For instance, if food production shrinks to 1% of our economy
This is where the author lost me. The agricultural sector is already 1% of the U.S. economy.
I largely agree with what you're saying but I will add that the "service sector" includes not just actual services (like health care), it also includes the entire information economy, and pretty much all entertainment. This is important because as humans have to spend less and less time creating the basic necessities of life (food, shelter, clothing, etc), we will have more time to spend on entertainment and information--the value of which has little to no correlation with energy cost. I mean, it takes a certain amount of energy to create and play a video game, but different games can create wildly different levels of economic value, for about the same level of energy usage.
Build a man a fire, he's warm for one night. Set him on fire, and he's warm for the rest of his life.
No, seriously. This result has been known for centuries. People don't like it, but that doesn't make it news.
Birds are not dinosaur descendants;birds are dinosaurs, for all useful meanings of "birds", "are" and "dinosaurs"
It is interesting how history never teaches people. I am sure some while ago they were saying that population growth won't sustain itself because there won't be any more rock to carve caves into... On the more serious point, as a physicist, I am much dismayed to see such a post. I don't really understand why many of my colleagues like to throw in a bunch of arbitrary numbers, make a bunch of arbitrary assumptions, back it up with some realistically looking "fundamental" arguments, and put this on display as something. Take Drake equation for example - http://en.wikipedia.org/wiki/Drake_equation#The_equation - an equation someone sometime wrote to argue that there got to be other extraterrestrial civilizations out there. The argument basically goes as - assume fraction of start systems with planets is 0.1, assume fraction of liveable planets is 0.1, assume probability of life is 0.1, ..., finally there is whole lot of starts in the Galaxy! so if we multiply all of that, we still get something that's bigger than 1 !!! :) well, this might look sensible on the surface, but where all these numbers came from? why is it that the probability of life appearance is say 0.1, not 0.00000000001? A set of arbitrary numbers plugged into even a meaningful formula still produces an arbitrary number. Unfortunately, this article is just another example of this misapprehension.

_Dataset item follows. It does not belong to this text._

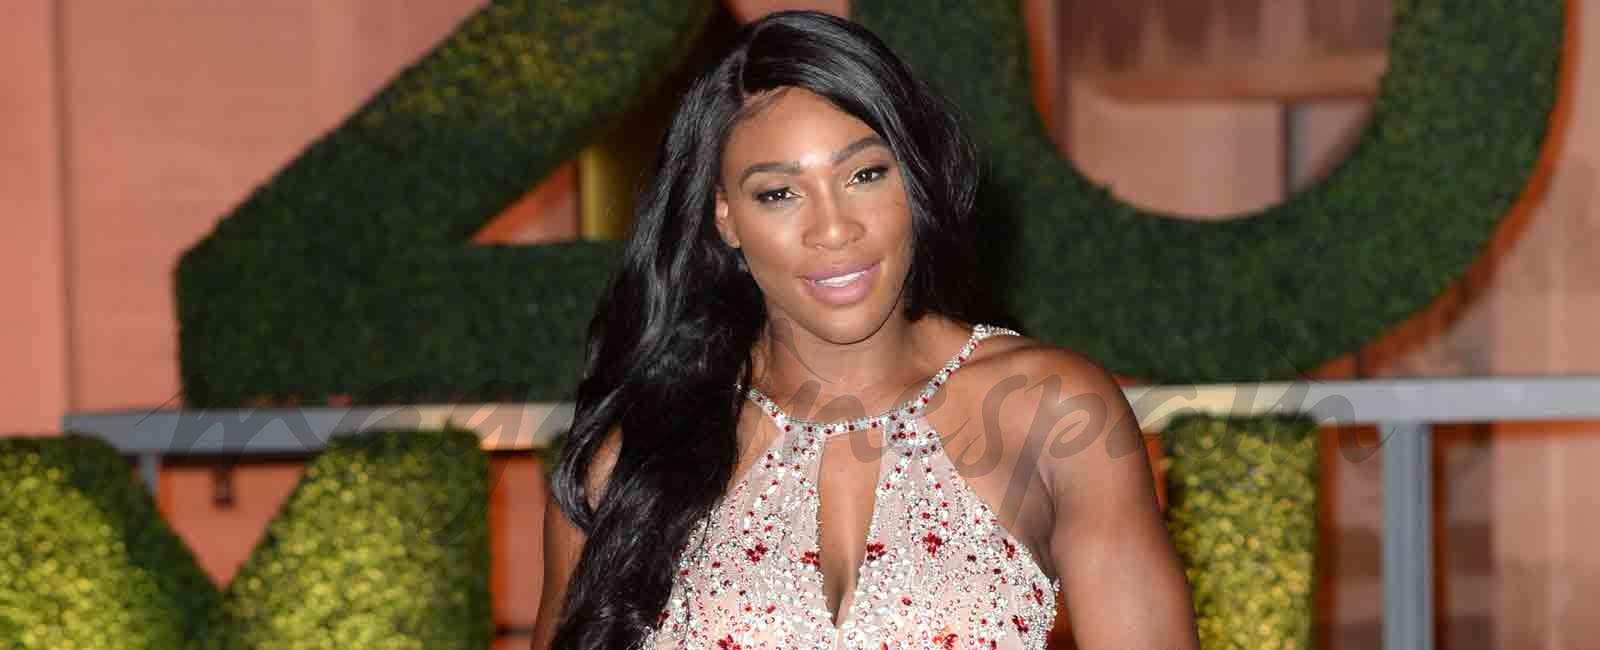 Serena Williams embarazada de cinco meses
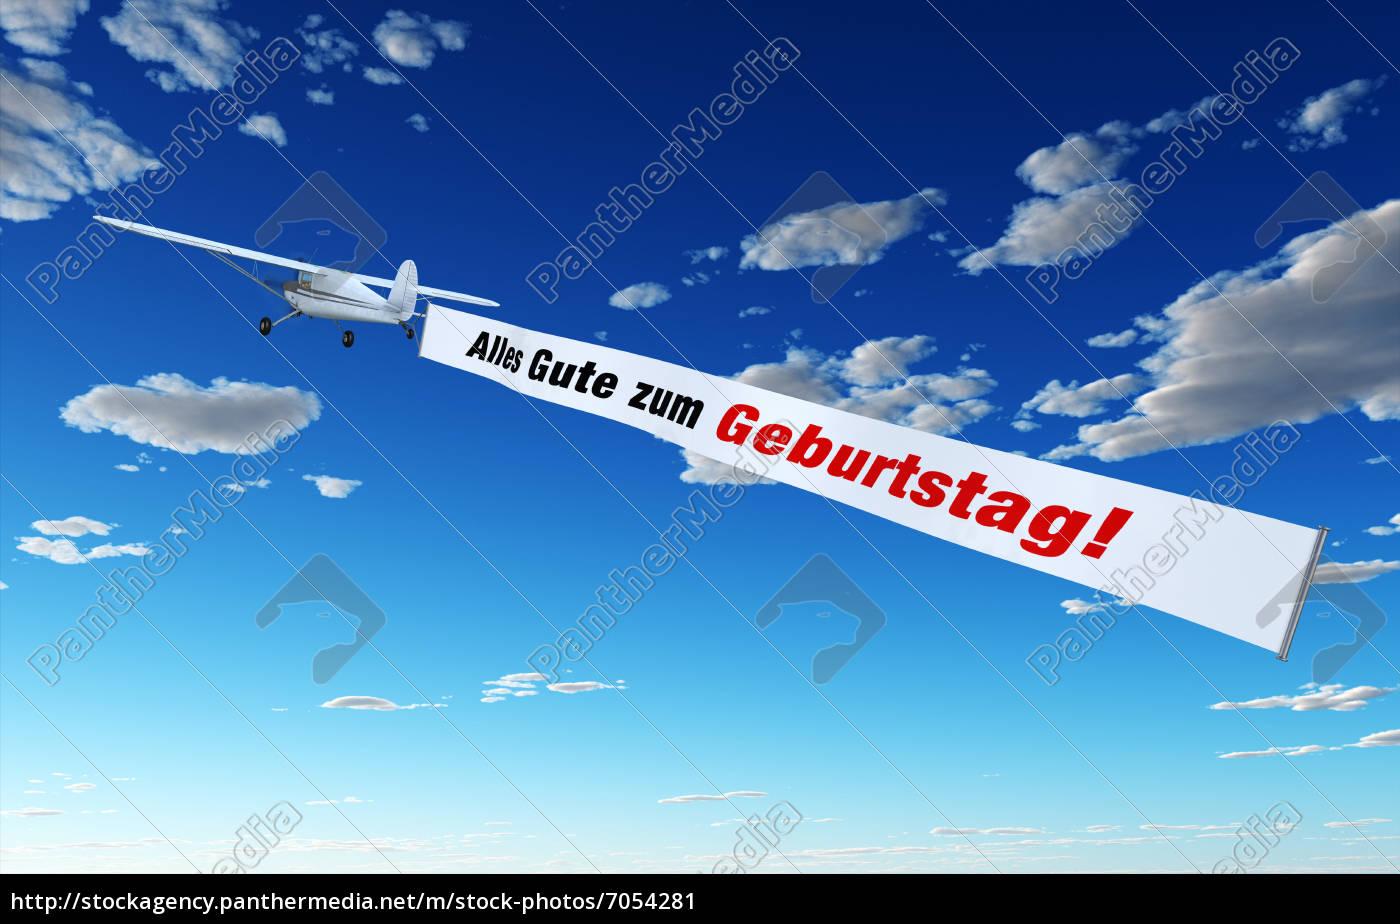 Flugzeug mit Banner - Alles Gute zum Geburtstag! - Stockfoto ...

The exponential growth is nonsense, that much is clear to everyone, but that is not the point at all... The example with the bounding surface of human bodies expanding at the speed of light, someone made here, is an excellent one to highlight the absurdity of this whole issue...
OK, so he is saying with so much energy produced in the future the dumped heat will overheat the planet. Well that's easy - just build the Planet Cooler (sim-earth anyone?). But seriously, there is a number of solutions - eg dump heat to the space. This kinda debases his theory, not to say that it was not Dead On Arrival, eg, because we'll have lots of other issue before we can even get where he wants this to be.